Harvey Tulcensky: I don’t because I don’t find contemporary postcards that interesting.

Laetitia Wolff: I do try sometimes when I travel, and I have been traveling a lot lately. It is my own way of justifying my not writing long letters…

Harvey, when you’re at a flea market or yard sale, flipping through some old postcards, what’s likely to catch your eye?

HT: I’m looking for that great find, that really amazing image that everyone else passes by, that is more interesting than the “instant ancestor” box that everybody seems to gravitate to and if I’m really lucky, something I’ve never seen before.

Laetitia, in editing the book, were there other categories of cards you wanted to include? Were there some messages written on the cards you found particularly moving?

LW: The “Parading” chapter was originally split into two: “Parades” and “Old Glory” (a lot of photos showed celebratory buntings, flags, and human flags that were quite amazing but I had no intent of sounding nationalistic). The section originally entitled Portraits” was integrated into various categories, because in the end I did not feel strong enough about these portraits; it just does not seem to be a major genre in postcards. “Humor” was its own category before it got integrated into Uncanny,” where art meets oddity. Now I am thinking of other and more categories…

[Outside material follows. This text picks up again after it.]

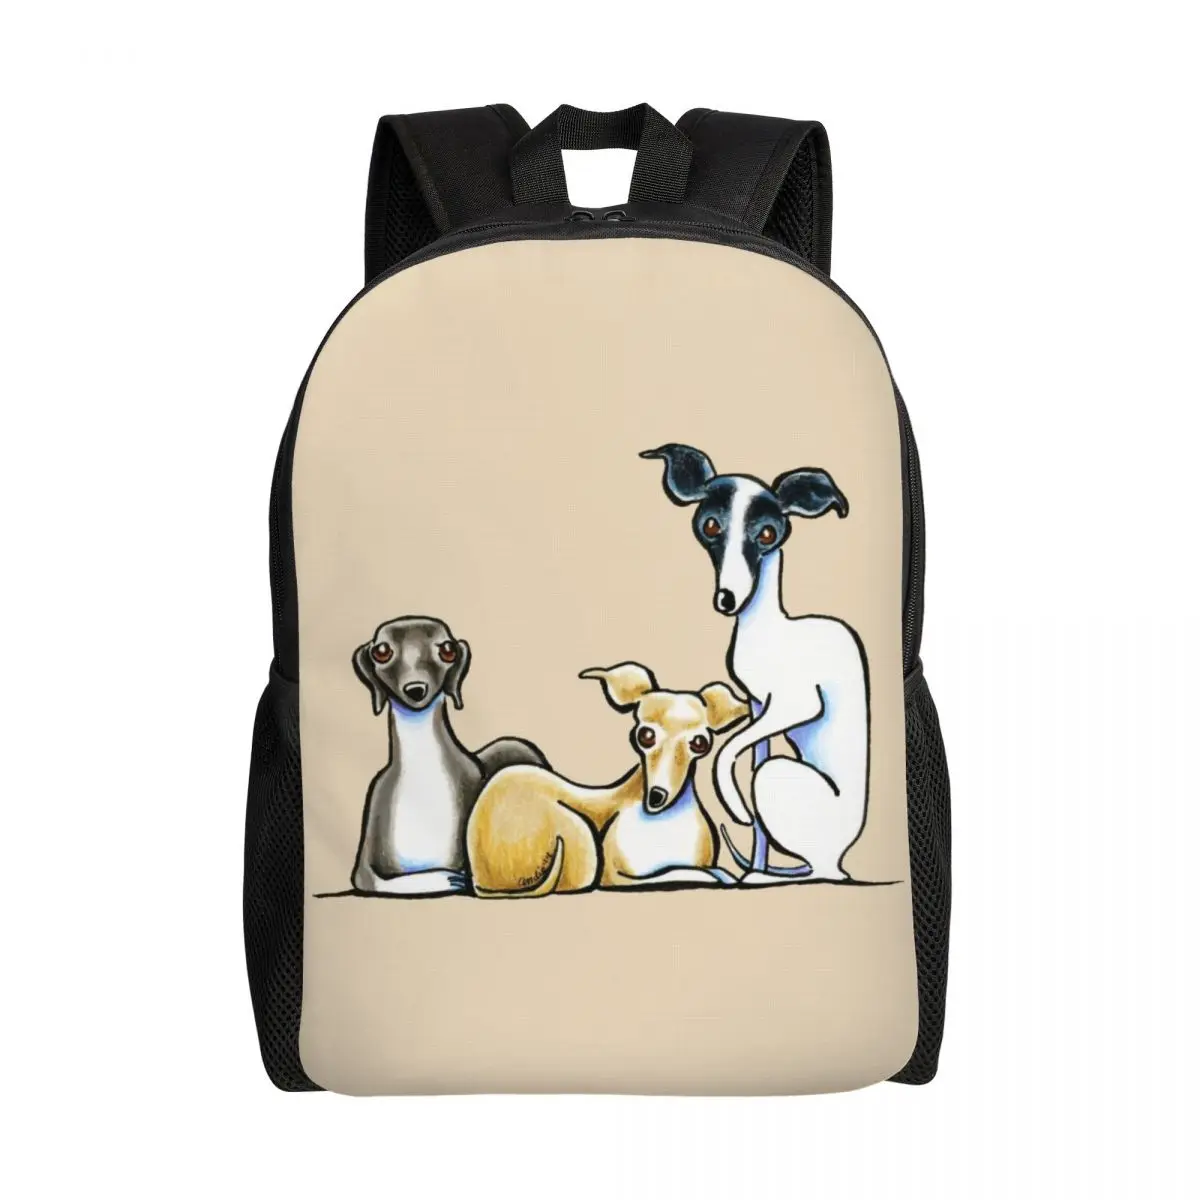 

Italian Greyhound Trio Laptop Backpack Men Women Fashion Bookbag for School College Students Cute Whippet Sighthound Dog Bag

Most of the messages are rather mundane (lots of “I got your letter, thanks, did you get mine?”), and yes, some become touching by their banality.

A lot of the cards in the book seemed to me to be intentionally romantic—the humor, the isolation of narrative elements in a picture, the framing of something that’s either been staged or framed to look so. Do you think this is deliberate, or am I just being sentimental?

HT: Both are true, sometimes it is deliberate, sometimes accidental, but the viewer can’t help but feel some nostalgia for images capturing a past that appears idealized in these cards. For most of them the romanticism comes from our looking back into a world that no longer exists and that we can hold in our hands. The people who took the images may have done it lovingly but to be romanticized they would have to have distance from what they recorded.

Do you find examples of people today continuing the trend of sending their photos as cards? What about a web site like delivr (which lets anyone make an e-card from photos shared through flickr.com)?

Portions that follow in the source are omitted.